Давно это было. Пороши перепадали частые, но неглубокие, ходить было легко, и охота шла удачно. Под самым городом, на Коровьем острове, за день можно было стропить не меньше пары тумаков, живущих на заливных островах Среднего Поволжья.

— Ты знаешь, что у здешних помещиков Курлиных были замечательные гончие? — спросил брат.

— Знаю.

— А то, что у нас в доме живет старая нянька Курлиных, знаешь?

— Нет.

— Так вот, я кое о чем хочу ее спросить.

— Попытка не пытка.

Дальше все пошло, как в сказке, где случается то, чего хочется. Нянька вспомнила, как много у Курлиных было собак, и что одну из них конюх Никитич привез в город, и что живет старик у Постникова оврага, и адрес есть.

На следующий день мы отправились к Никитичу. Входя во двор, заметили привязанного на цепь рослого багряного выжлеца. Был он ширококостен и бочковат, лапы в комке, голова удивительно пропорциональная и сухая, ухо маленькое треугольничком, глаз звероватый, словом, «кругом хорош». Старый конюх рассказал, что вывез Плакуна щенком шесть лет тому назад, сам не охотник, собаку не учил и даже в поле с ней не бывал ни разу. Отдать собаку? Почему же, можно. Она ему вроде и ни к чему, и платы не надо.

Два фунта пшена и восемь пачек махорки закрепили наше право на собаку.

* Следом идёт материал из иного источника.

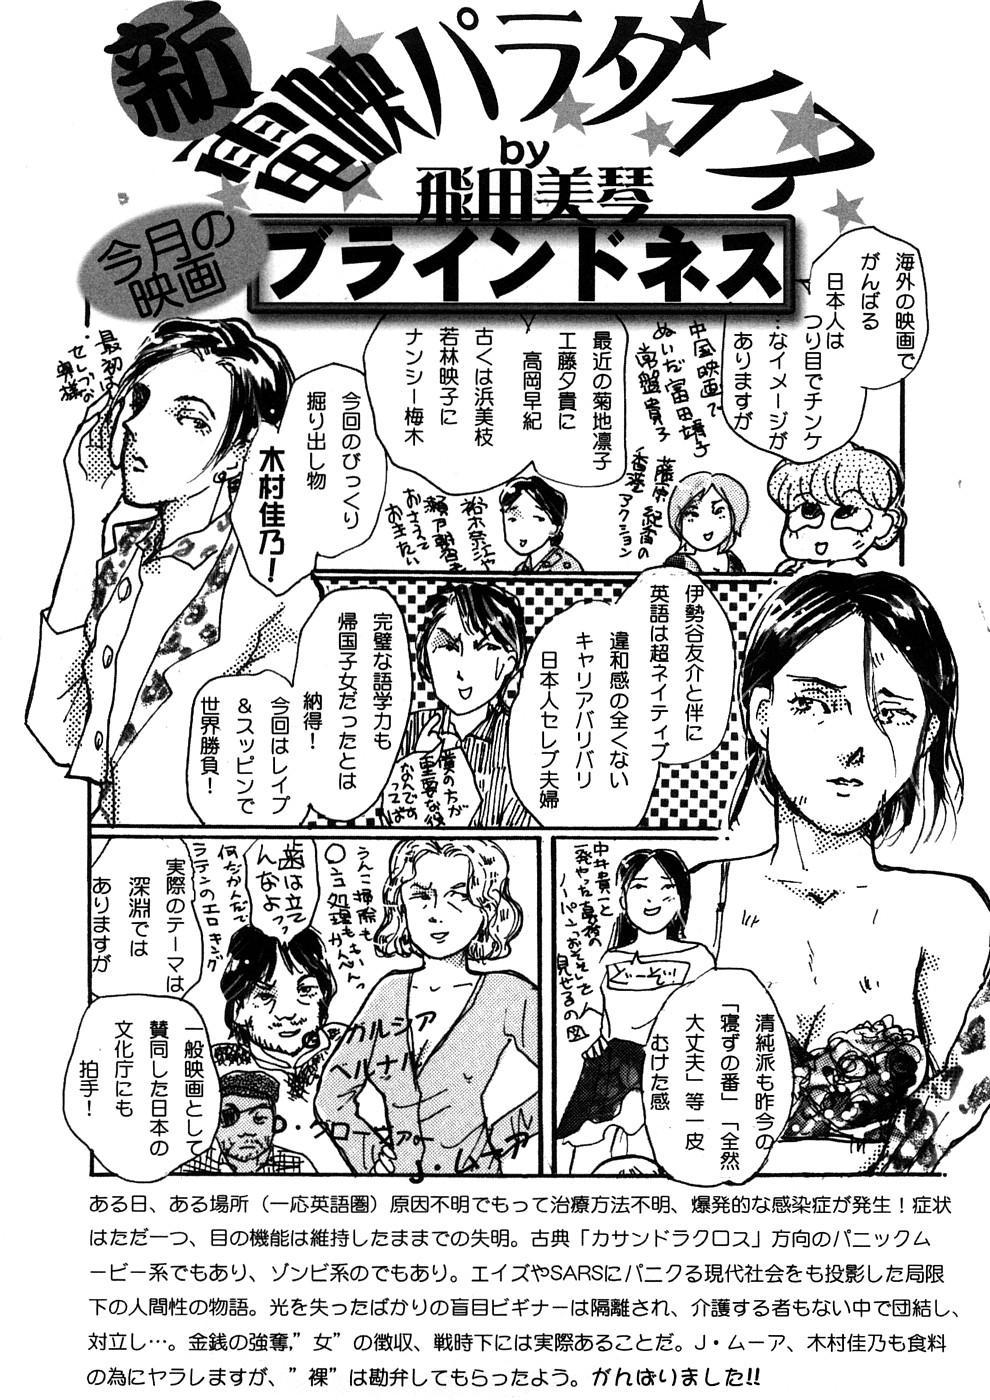 Geki Yaba Anthology Vol. 1 - Naka ni Dashite yo 242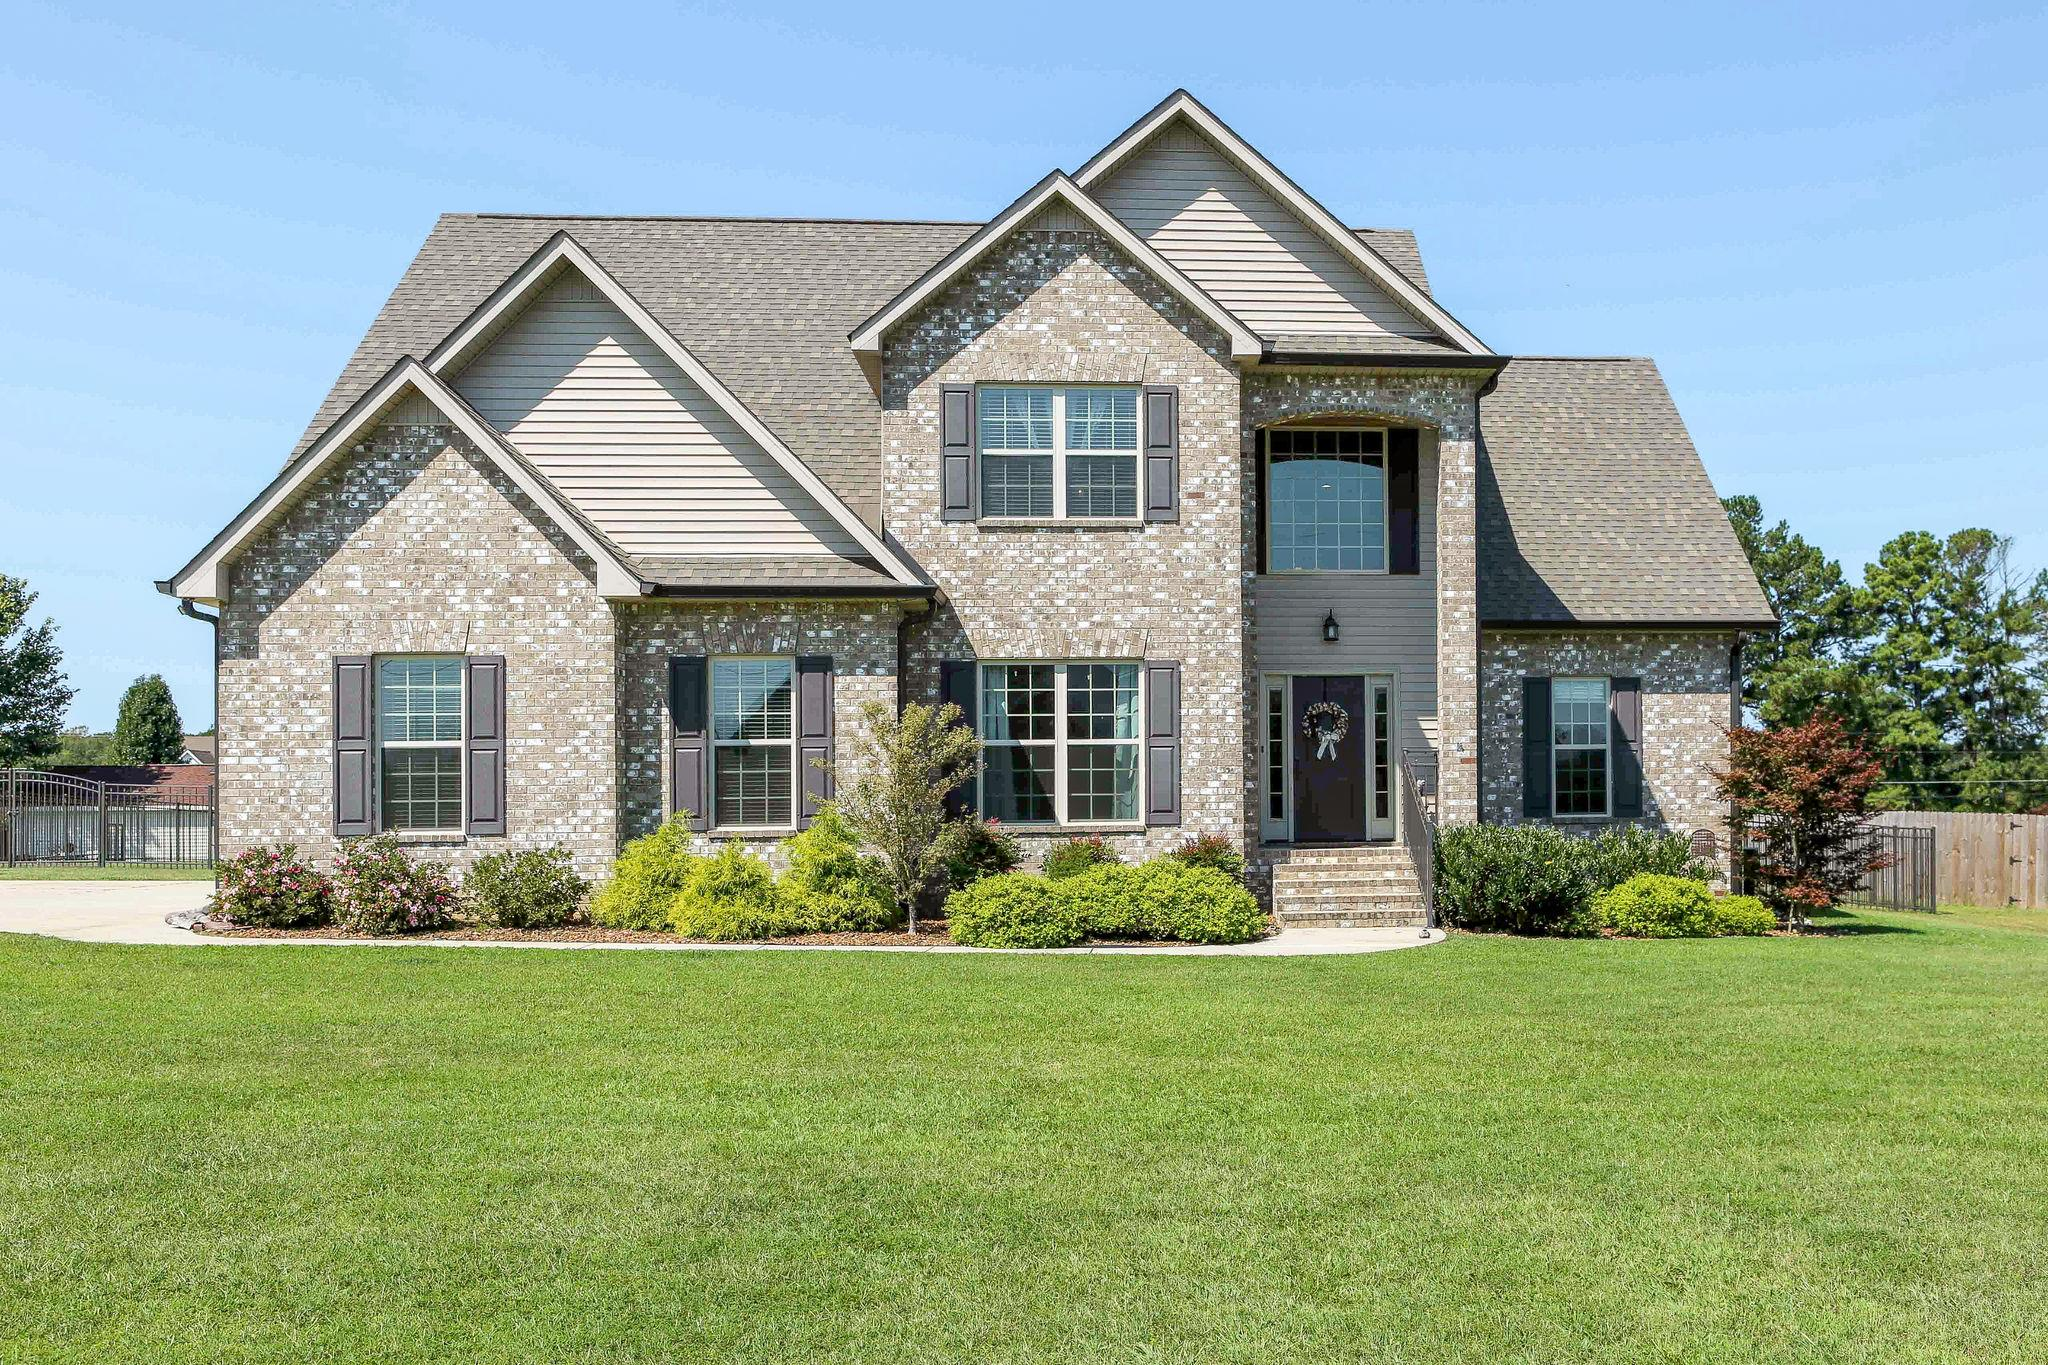 71 Lancaster St, Hillsboro, TN 37342 - Hillsboro, TN real estate listing

Красногрудые снегири бойко сновали по кружевным веточкам осокоря. Частенько опускались на снег, оставляя неглубокие следы — лунки и крестики. Пороша, дивная осыпная пороша пала с вечера и сейчас открытой и ясной прописью лежала вокруг. На легком морозце мягко, без привизга шуршали валенки и дышалось легко, как после бани.

Издалека мы заметили четкий малик — след зайца, подошли и спустили со сворки Плакуна. Большой, яркий на снегу, он в три прыжка подскочил к следу и уткнулся в него мордой. Фыркнул, поднял голову со смешной белой нашлепкой на носу и побежал в сторону.

— Забыл, — сказал брат.

— А может, и не знал? Надо поднять зайчишку.

Мы тропили не меньше часа, когда, обогнув камышовую низинку, брат заметил гонный след.

— Вот! Вот! Вот! Аля-ля-ля! Плакун! Плакун!

Пыля снегом, примчался Плакун, тихонько визгнул и принялся носиться вокруг, высоко подняв голову и не обращая внимания на парной след зайца. Голоса не подал ни разу, как немой.

— Надо показать зайца — обазартить выжлеца, — посоветовал я уже без большой уверенности.

Мы обошли второго тумака большим кругом у лесного озеришка, а потом, двигаясь так, что и своих шагов не слышали, обрезали кружок, оставив в нем запорошенный, частый, как корзинка, ивовый куст. Брат зашел с одной стороны, с другой стоял я, держа Плакуна за загривок.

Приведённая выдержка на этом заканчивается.